Now you have the lists x and x_with_nan. They’re almost the same, with the difference that x_with_nan contains a nan value. It’s important to understand the behavior of the Python statistics routines when they come across a not-a-number value (nan).

In [3]:
x

[8.0, 1, 2.5, 4, 28.0]

In [4]:
x_with_nan

[8.0, 1, 2.5, nan, 4, 28.0]

In [5]:
math.isnan(np.nan), np.isnan(math.nan)

(True, True)

# Central Tendency 

The sample mean, also called the sample arithmetic mean or simply the average, is the arithmetic average of all the items in a dataset. The mean of a dataset 𝑥 is mathematically expressed as Σᵢ𝑥ᵢ/𝑛, where 𝑖 = 1, 2, …, 𝑛. In other words, it’s the sum of all the elements 𝑥ᵢ divided by the number of items in the dataset 𝑥.

In [6]:
mean = sum(x) / len(x)
mean

8.7

In [7]:
mean = statistics.mean(x)
mean

8.7

fmean() is introduced in Python 3.8 as a faster alternative to mean().

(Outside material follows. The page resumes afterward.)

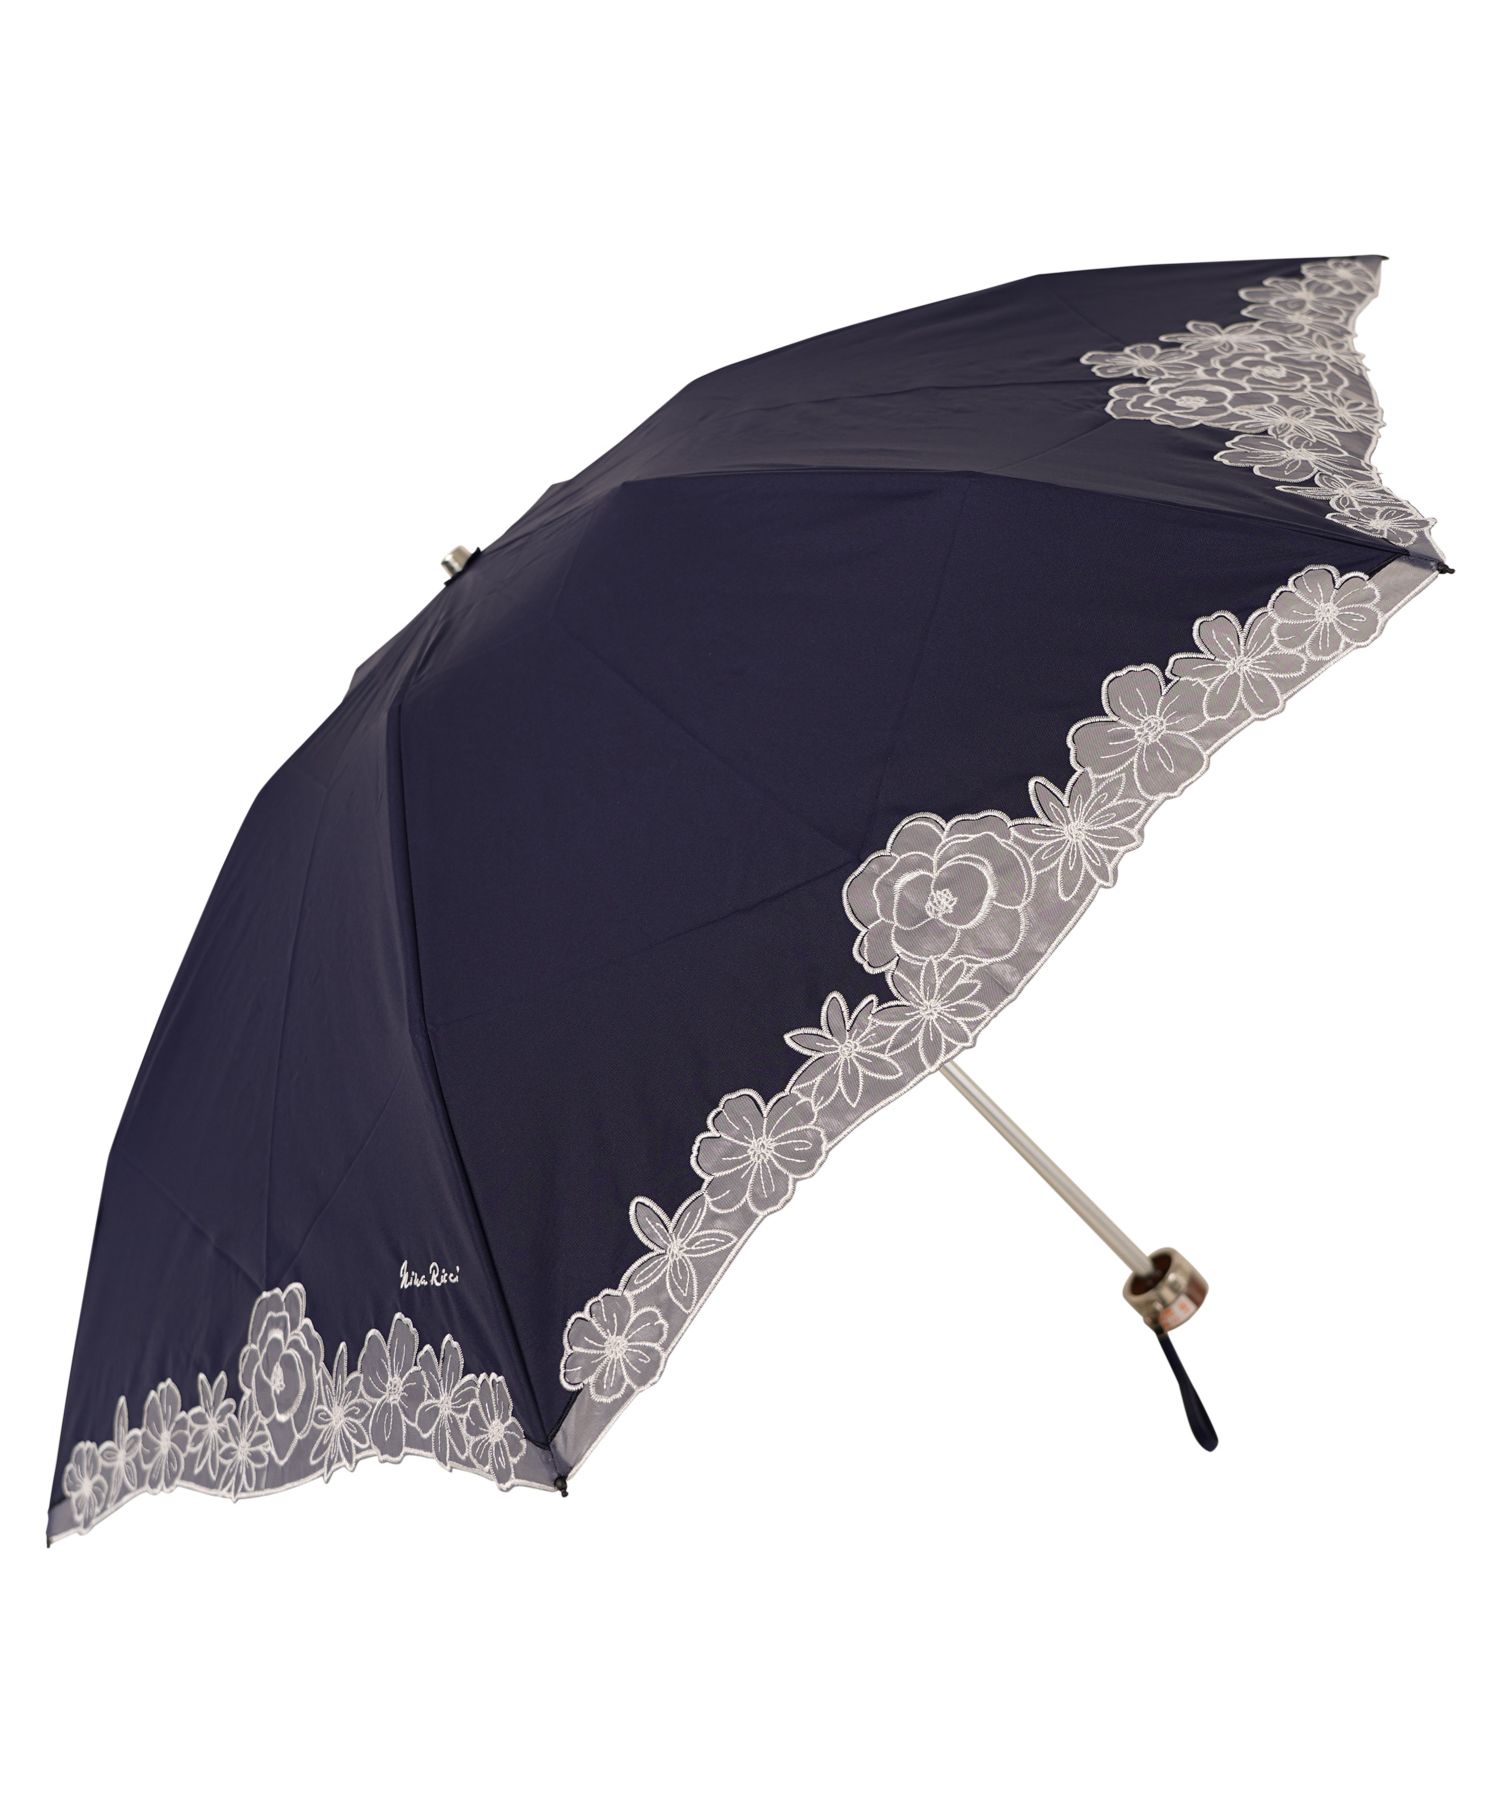 ニナリッチ 折りたたみ傘 晴雨兼用 レース 軽量 生まれのブランドで - 傘

It always returns a floating-point number.

In [8]:
mean = statistics.fmean(x)
mean

8.7

In [9]:
mean = statistics.mean(x_with_nan)
mean



nan

In [10]:
mean = statistics.fmean(x_with_nan)
mean

nan

# Use Numpy

The function mean() and method .mean() from NumPy return the same result as statistics.mean(). This is also the case when there are nan values among your data

In [11]:
mean = np.mean(x)
mean

8.7

You often don’t need to get a nan value as a result. If you prefer to ignore nan values, then you can use np.nanmean()

In [16]:
np.nanmean(x_with_nan)

8.7

# Weighted Mean


In [12]:
x = [8.0, 1, 2.5, 4, 28.0]
w = [0.1, 0.2, 0.3, 0.25, 0.15]
wmean = sum(w[i] * x[i] for i in range(len(x))) / sum(w)
wmean



6.95

In [13]:
wmean = sum(x_ * w_ for (x_, w_) in zip(x, w)) / sum(w)
wmean

6.95

# Harmonic Mean

The harmonic mean is the reciprocal of the mean of the reciprocals of all items in the dataset: 𝑛 / Σᵢ(1/𝑥ᵢ), where 𝑖 = 1, 2, …, 𝑛 and 𝑛 is the number of items in the dataset 𝑥. One variant of the pure Python implementation of the harmonic mean is this

In [14]:
hmean = len(x) / sum(1 / item for item in x)
hmean

2.7613412228796843

In [15]:
hmean = statistics.harmonic_mean(x)
hmean

2.7613412228796843